Во время пребывания Чаадаева с лейб-гусарским полком в Царском Селе между офицерами полка и воспитанниками недавно открытого Царскосельского лицея образовались непрестанные, ежедневные и очень веселые сношения. То было, как известно, золотое время лицея, взлелеянного высокой царственной заботой и во главе имевшего Энгельгардта, человека, и по сю пору еще не оцененного в летописях русской педагогии. Воспитанники поминутно пропадали в сеннолиственных садах державного жилища, промежду его живыми зеркальными водами, в тех тенистых вековых аллеях, по счастливому выражению про другую местность современного поэта-историка[168]

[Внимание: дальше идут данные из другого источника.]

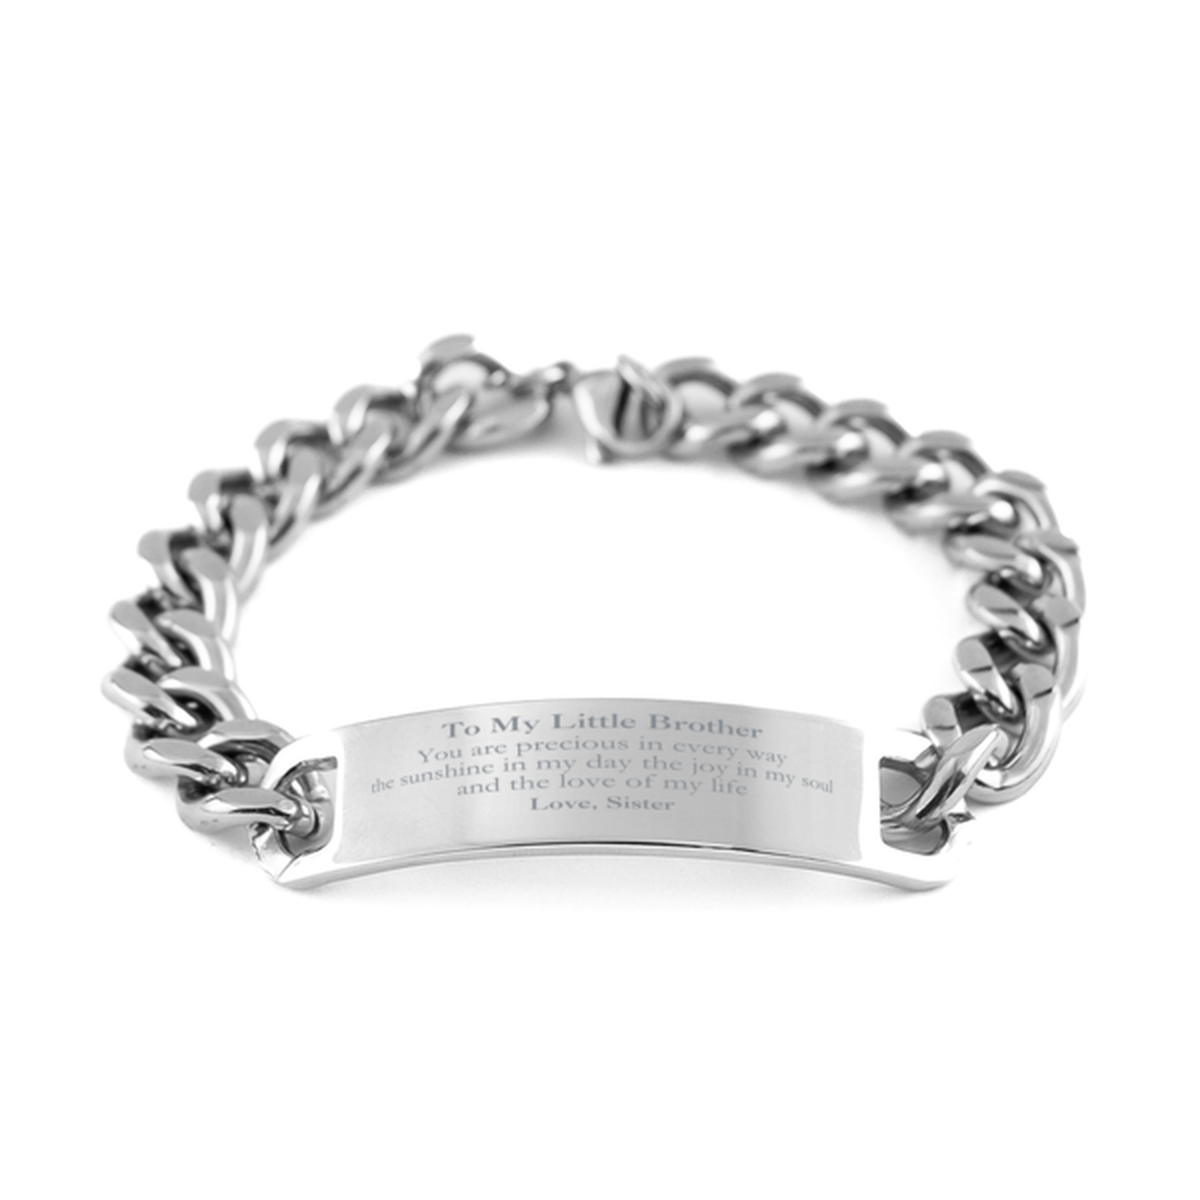 Graduation Gifts for Little Brother Cuban Chain Stainless Steel Bracelet Present from Sister, Christmas Little Brother Birthday Gifts Little Brother You are precious in every way the sunshine in my day. Love, Sister

, «далеких и обширных, как царские думы», иногда даже в переходах и различных помещениях самого дворца[169]. Шумные скитания щеголеватой, утонченной, богатой самыми драгоценными надеждами молодежи очень скоро возбудили внимательное, любопытное, бодрствующее чутье Чаадаева и еще скорее сделались целью его верного, меткого, исполненного симпатического благоволения охарактеризования. Юных, разгульных любомудрцев он сейчас же прозвал «философами-перипатетиками». Прозвище было принято воспитанниками с большим удовольствием, но ни один из них не сблизился столько с его творцом, сколько тот, которому впоследствии было суждено сделаться неоцененным сокровищем, лучшею гордостью и лучезарным украшением России.Дружбу Пушкина с Чаадаевым рассматривали до сих пор различно и, можно сказать, двояким образом. Большинство в ней больше ничего не видало как только рекомендацию для одного Чаадаева, т. е. оно допускало некоторое значение в Чаадаеве настолько лишь, насколько его знал Пушкин. Вне отношений с Пушкиным, с точки этого воззрения, Чаадаев сам по себе терял всякий смысл, всякую благоразумную причину к бытности и превращался в несуществующую величину. Меньшинство[170]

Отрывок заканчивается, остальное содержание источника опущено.